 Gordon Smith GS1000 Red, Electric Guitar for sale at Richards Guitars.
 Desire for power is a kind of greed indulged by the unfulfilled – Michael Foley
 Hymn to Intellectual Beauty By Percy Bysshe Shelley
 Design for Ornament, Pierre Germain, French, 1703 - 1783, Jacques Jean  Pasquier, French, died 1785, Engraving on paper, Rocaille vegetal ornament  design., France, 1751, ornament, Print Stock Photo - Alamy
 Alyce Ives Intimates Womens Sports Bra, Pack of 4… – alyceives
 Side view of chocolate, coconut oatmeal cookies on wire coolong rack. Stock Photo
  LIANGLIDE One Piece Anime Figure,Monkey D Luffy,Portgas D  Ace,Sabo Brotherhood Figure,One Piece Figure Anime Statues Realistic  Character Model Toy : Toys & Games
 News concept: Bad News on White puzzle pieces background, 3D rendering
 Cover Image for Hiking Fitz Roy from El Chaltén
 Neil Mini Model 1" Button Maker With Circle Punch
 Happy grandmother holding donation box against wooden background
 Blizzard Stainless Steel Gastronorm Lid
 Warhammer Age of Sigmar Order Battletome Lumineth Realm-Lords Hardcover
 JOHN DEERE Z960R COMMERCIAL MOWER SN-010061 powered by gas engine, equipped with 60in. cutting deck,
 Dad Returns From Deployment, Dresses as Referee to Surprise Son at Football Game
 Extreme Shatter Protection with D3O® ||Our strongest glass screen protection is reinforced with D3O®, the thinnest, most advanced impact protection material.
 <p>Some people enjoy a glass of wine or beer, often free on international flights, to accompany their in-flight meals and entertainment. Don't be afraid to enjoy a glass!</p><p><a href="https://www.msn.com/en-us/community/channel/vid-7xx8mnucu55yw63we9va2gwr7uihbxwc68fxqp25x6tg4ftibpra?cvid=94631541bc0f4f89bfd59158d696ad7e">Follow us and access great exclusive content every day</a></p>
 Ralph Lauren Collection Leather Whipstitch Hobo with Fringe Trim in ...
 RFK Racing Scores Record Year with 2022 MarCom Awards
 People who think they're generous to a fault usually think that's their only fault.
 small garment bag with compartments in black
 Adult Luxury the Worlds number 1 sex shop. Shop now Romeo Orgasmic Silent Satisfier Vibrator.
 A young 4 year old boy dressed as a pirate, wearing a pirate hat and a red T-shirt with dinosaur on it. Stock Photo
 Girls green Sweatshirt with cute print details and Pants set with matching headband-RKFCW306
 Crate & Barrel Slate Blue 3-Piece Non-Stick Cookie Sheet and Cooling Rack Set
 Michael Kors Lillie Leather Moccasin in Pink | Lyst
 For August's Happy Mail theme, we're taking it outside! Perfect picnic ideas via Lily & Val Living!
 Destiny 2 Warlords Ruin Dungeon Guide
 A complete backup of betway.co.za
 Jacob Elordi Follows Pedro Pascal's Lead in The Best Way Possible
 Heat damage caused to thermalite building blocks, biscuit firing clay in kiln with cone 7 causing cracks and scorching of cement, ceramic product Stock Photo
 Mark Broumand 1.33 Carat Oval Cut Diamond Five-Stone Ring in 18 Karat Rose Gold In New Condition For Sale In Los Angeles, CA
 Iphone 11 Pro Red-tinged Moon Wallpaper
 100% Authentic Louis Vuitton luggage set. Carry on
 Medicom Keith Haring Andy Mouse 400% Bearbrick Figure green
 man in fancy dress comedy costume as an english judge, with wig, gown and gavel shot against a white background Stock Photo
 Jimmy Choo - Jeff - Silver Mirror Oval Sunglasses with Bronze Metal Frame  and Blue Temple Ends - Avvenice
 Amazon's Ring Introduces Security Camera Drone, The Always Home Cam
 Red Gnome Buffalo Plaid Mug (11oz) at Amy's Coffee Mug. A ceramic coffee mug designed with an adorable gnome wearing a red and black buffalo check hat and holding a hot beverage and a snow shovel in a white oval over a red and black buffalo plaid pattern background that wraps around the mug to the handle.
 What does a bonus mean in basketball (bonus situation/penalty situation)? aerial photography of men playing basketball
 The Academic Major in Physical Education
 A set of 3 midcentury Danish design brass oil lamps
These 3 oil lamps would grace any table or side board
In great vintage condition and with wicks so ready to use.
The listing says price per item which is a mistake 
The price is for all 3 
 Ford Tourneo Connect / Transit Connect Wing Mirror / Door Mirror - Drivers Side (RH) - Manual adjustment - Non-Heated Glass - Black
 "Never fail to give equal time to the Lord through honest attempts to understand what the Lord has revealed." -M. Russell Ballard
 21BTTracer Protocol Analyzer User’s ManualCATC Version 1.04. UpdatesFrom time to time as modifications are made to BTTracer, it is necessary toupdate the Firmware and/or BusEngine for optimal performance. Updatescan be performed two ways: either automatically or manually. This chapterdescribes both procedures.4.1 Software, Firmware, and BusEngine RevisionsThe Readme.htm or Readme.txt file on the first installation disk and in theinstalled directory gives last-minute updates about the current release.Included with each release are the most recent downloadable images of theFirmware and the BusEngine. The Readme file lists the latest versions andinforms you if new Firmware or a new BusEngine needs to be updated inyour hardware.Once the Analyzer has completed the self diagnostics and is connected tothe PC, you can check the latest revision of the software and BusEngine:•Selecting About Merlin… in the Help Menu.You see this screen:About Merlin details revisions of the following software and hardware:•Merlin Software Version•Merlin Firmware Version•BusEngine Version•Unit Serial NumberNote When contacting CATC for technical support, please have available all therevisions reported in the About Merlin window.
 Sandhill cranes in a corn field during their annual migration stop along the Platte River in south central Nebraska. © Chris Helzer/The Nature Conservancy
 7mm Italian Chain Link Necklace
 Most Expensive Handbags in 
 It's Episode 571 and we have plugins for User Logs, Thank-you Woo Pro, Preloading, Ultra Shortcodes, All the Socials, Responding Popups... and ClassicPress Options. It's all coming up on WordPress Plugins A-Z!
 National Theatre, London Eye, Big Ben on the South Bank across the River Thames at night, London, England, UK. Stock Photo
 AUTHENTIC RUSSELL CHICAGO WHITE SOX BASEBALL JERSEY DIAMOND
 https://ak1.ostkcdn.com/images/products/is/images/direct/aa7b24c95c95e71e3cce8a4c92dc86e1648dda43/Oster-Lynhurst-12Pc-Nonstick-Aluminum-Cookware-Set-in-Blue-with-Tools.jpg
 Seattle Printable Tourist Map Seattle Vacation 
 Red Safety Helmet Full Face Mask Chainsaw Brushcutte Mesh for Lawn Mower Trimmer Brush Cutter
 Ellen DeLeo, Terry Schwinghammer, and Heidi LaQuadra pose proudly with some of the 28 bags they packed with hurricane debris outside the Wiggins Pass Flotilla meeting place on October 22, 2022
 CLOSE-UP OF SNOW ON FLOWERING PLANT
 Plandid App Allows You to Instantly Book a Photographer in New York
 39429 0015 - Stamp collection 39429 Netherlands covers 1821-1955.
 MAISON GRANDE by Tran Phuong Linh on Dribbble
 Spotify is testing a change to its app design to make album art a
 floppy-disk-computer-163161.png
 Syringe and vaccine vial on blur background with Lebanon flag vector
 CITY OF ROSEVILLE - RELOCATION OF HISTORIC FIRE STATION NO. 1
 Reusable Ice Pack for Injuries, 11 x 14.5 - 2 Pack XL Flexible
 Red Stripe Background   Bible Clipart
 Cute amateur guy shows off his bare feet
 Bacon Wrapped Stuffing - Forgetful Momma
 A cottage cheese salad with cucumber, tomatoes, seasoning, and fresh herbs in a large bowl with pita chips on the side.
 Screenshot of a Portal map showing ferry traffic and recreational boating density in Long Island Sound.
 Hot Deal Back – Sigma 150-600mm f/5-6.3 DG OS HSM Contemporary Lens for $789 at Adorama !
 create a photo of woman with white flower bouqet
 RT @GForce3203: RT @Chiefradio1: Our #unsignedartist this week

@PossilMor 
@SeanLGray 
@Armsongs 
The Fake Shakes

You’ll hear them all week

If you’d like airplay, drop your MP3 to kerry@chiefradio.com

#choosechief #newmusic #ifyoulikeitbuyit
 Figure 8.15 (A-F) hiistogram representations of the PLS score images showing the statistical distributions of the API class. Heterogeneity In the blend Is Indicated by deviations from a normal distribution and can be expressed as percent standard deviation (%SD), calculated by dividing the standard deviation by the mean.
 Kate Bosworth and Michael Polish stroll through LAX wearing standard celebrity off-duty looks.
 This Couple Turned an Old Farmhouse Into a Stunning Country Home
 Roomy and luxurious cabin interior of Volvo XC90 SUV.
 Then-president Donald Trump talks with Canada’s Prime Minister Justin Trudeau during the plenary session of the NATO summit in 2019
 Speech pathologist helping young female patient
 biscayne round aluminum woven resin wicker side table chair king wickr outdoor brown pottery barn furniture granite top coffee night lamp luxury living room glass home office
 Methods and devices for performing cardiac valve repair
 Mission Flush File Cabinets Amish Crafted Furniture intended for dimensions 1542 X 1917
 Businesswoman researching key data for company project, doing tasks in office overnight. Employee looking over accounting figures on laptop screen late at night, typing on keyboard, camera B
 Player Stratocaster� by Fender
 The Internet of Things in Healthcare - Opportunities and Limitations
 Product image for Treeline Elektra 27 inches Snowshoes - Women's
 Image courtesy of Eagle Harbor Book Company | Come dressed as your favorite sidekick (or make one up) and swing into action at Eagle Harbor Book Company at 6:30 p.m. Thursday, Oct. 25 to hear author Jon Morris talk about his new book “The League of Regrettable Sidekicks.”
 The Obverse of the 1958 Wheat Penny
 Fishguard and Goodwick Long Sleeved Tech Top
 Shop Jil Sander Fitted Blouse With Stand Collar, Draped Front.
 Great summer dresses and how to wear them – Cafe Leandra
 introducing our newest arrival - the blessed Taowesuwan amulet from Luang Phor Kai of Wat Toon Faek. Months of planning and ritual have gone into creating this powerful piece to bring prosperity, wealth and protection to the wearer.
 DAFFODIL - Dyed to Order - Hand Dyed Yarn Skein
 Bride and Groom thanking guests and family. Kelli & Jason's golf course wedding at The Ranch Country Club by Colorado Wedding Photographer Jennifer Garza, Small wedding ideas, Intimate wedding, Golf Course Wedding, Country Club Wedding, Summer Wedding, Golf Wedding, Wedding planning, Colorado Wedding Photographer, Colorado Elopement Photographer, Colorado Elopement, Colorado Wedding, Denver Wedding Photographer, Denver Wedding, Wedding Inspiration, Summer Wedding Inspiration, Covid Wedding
+ + + + + + +
-- EXERCISE --
Could you return exactly the stretch of the data above that starts at the line with "RFK Racing Scores" and ends at the line with "Adult Luxury the", both lines included?

-- WRITTEN SOLUTION --
 RFK Racing Scores Record Year with 2022 MarCom Awards
 People who think they're generous to a fault usually think that's their only fault.
 small garment bag with compartments in black
 Adult Luxury the Worlds number 1 sex shop. Shop now Romeo Orgasmic Silent Satisfier Vibrator.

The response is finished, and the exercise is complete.